Configuration and Deployment Management Testing is a systematic process that verifies the security, consistency, and integrity of system configurations and deployment workflows. It ensures IT systems adhere to secure baselines, prevent unauthorized changes, and minimize risks from misconfigurations or flawed deployment practices.

Application Configuration Management Weaknesses:

  1. File Extensions Handling – Sensitive Information
    Mishandling file extensions (e.g., allowing .bak, .tmp) may expose sensitive data through directory listings or direct access.

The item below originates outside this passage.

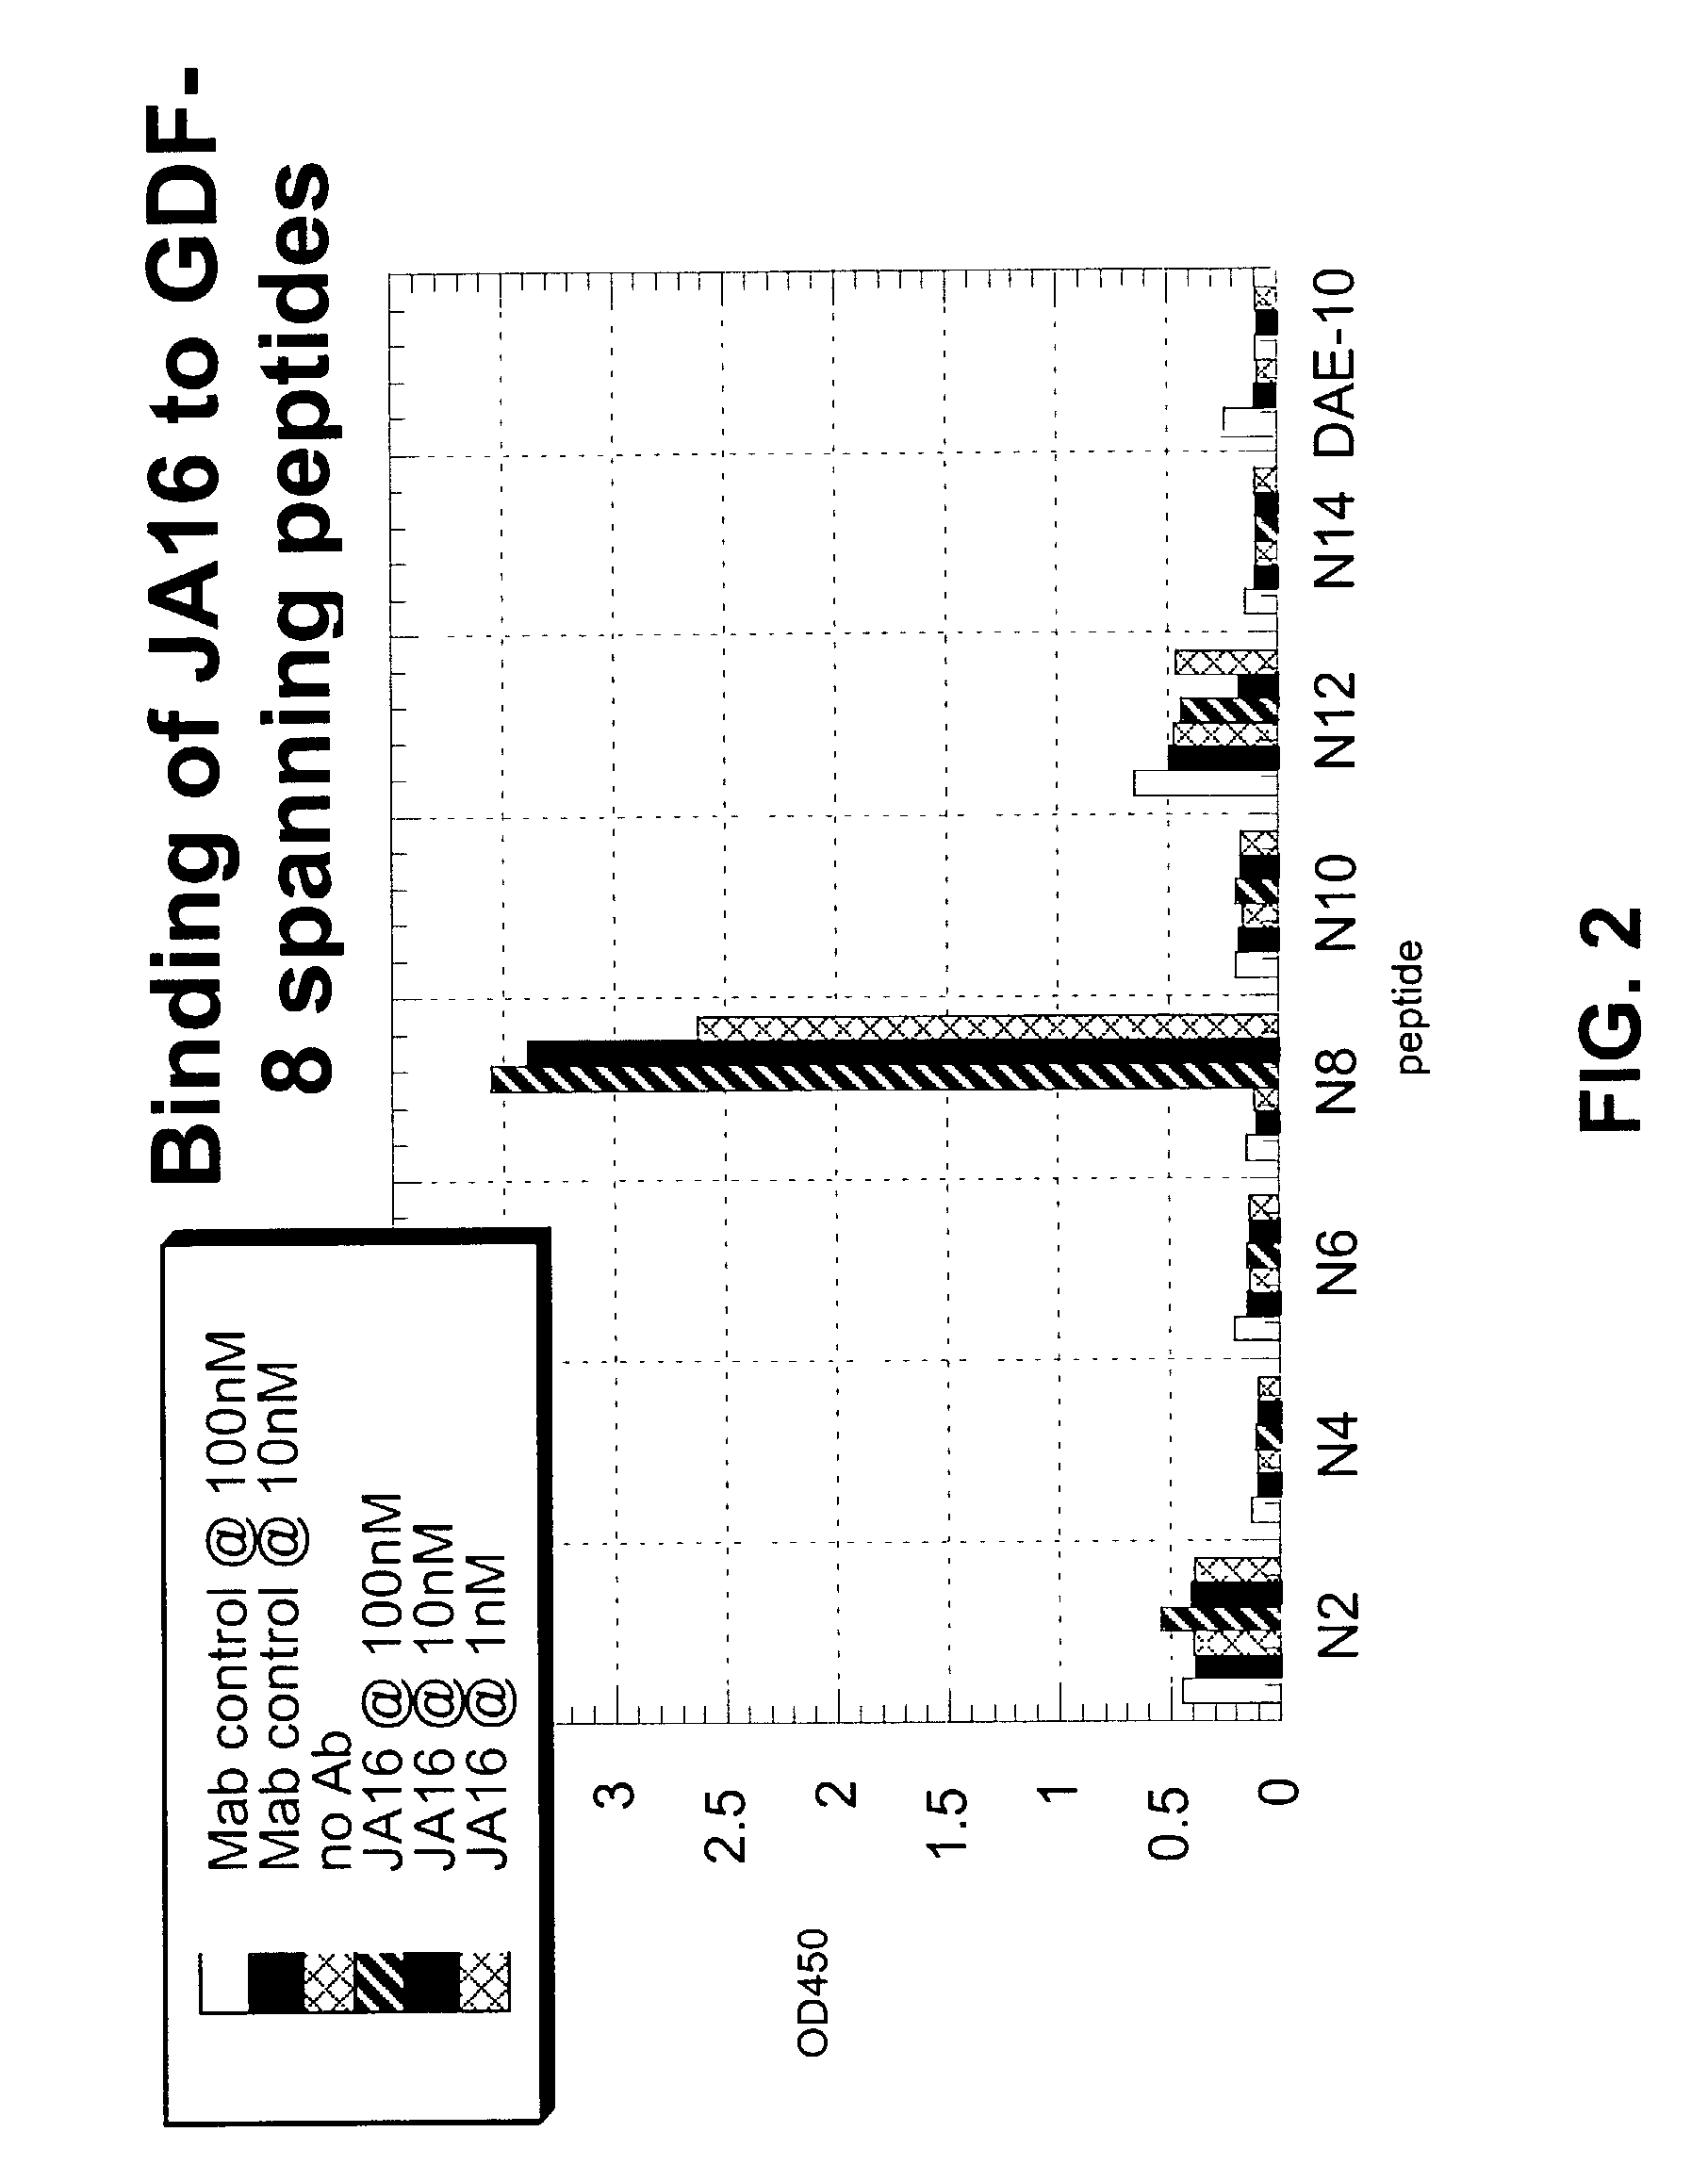 Antibody inhibitors of GDF-8 and uses thereof

Attackers exploit misconfigurations (e.g., .php.jpg execution) to upload malicious file.
  2. Old, Backup, and Unreferenced Files – Sensitive Information
    Obsolete files (e.g., database.bak, config.old) left in web directories leak credentials, source code, or API keys.

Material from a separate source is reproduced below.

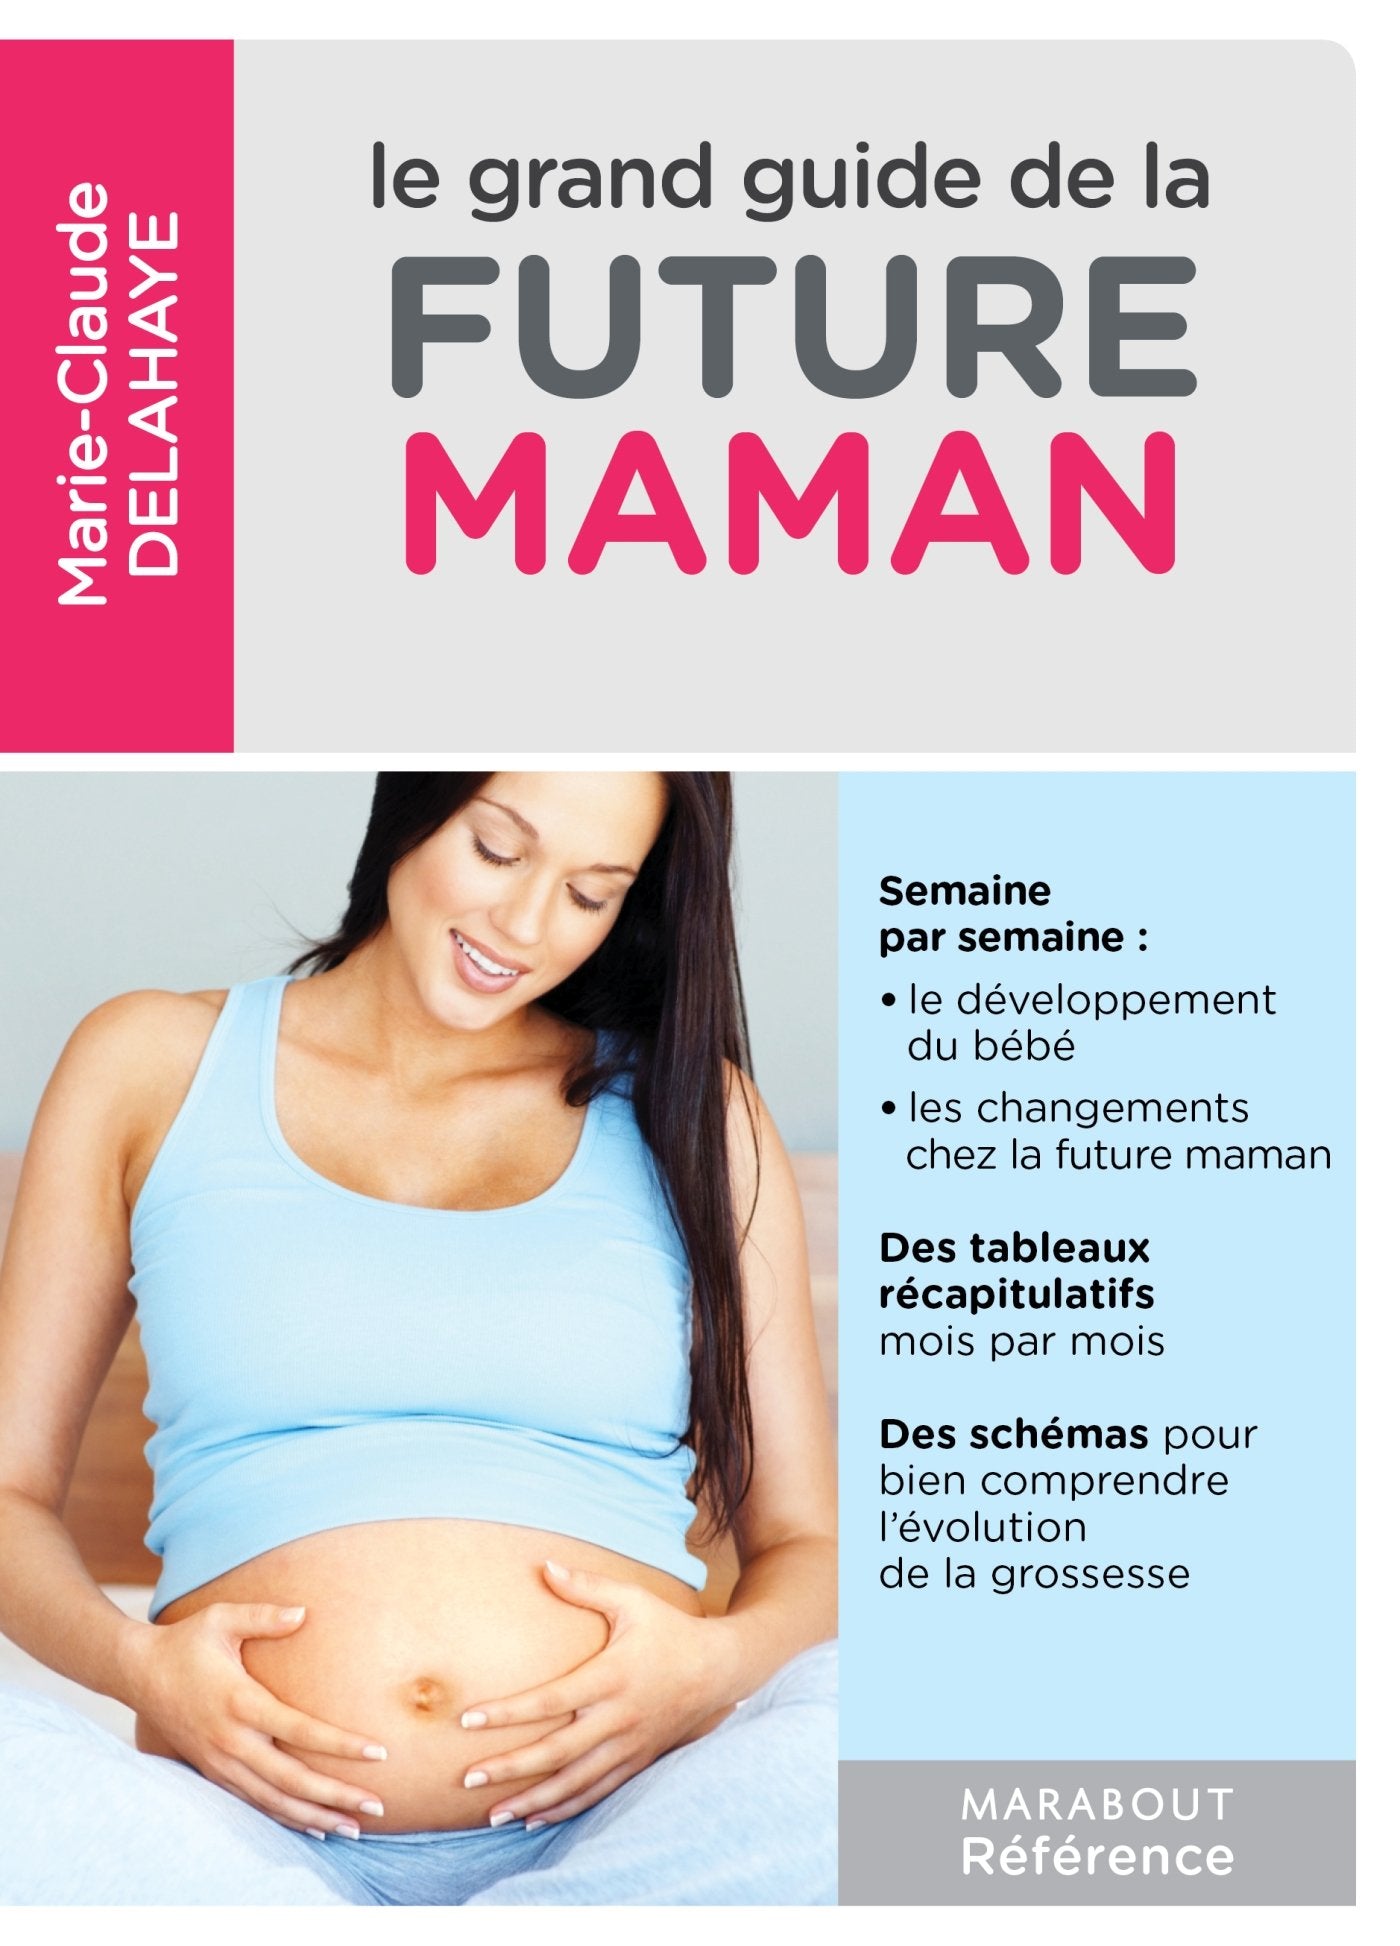 Le grand guide de la future maman - Marie-Claude Delahaye

  3. Unauthorized Admin Interfaces Access
    Exposed admin panels (e.g., /admin, /manager) enable attackers to brute-force credentials, exploit default passwords, or manipulate systems.
  4. HTTP Methods Enabled, XST Permitted, HTTP Verb
    • Unnecessary HTTP Methods: Enabled TRACE/PUT methods facilitate XST attacks (stealing cookies via TRACE) or file upload exploits.
    • Verb Tampering: Misconfigured verbs (e.g., using GET for sensitive actions) bypass access controls.
  5. HTTP Strict Transport Security (HSTS)
    Missing HSTS headers expose sites to downgrade attacks (e.g., SSL stripping), allowing MITM attacks on unencrypted HTTP traffic.
  6. RIA Cross-Domain Policy
    Overly permissive cross-domain policies (e.g., crossdomain.xml allowing *) enable malicious Flash/Silverlight apps to hijack user data.
  7. Role Definitions Enumeration
    Verbose error messages or API responses leak role names, permissions, or authorization schemas, aiding privilege escalation.
  8. Vulnerable User Registration Process
    Weak validation allows fake accounts (e.g., disposable emails), credential stuffing, or automated bot registrations.
  9. Vulnerable Account Provisioning Process
    Insecure workflows (e.g., manual role assignments) lead to excessive permissions or orphaned accounts.
  10. Permissions of Guest/Low Permission Accounts
    Overprivileged guest accounts (e.g., read access to /etc/passwd) enable lateral movement or data exfiltration.
  11. Account Suspension/Resumption Process
    Flaws like failing to revoke tokens post-suspension or insecure reactivation (e.g., no MFA) allow account hijacking

By addressing these weaknesses, organizations reduce risks of data breaches, unauthorized access, and compliance violations.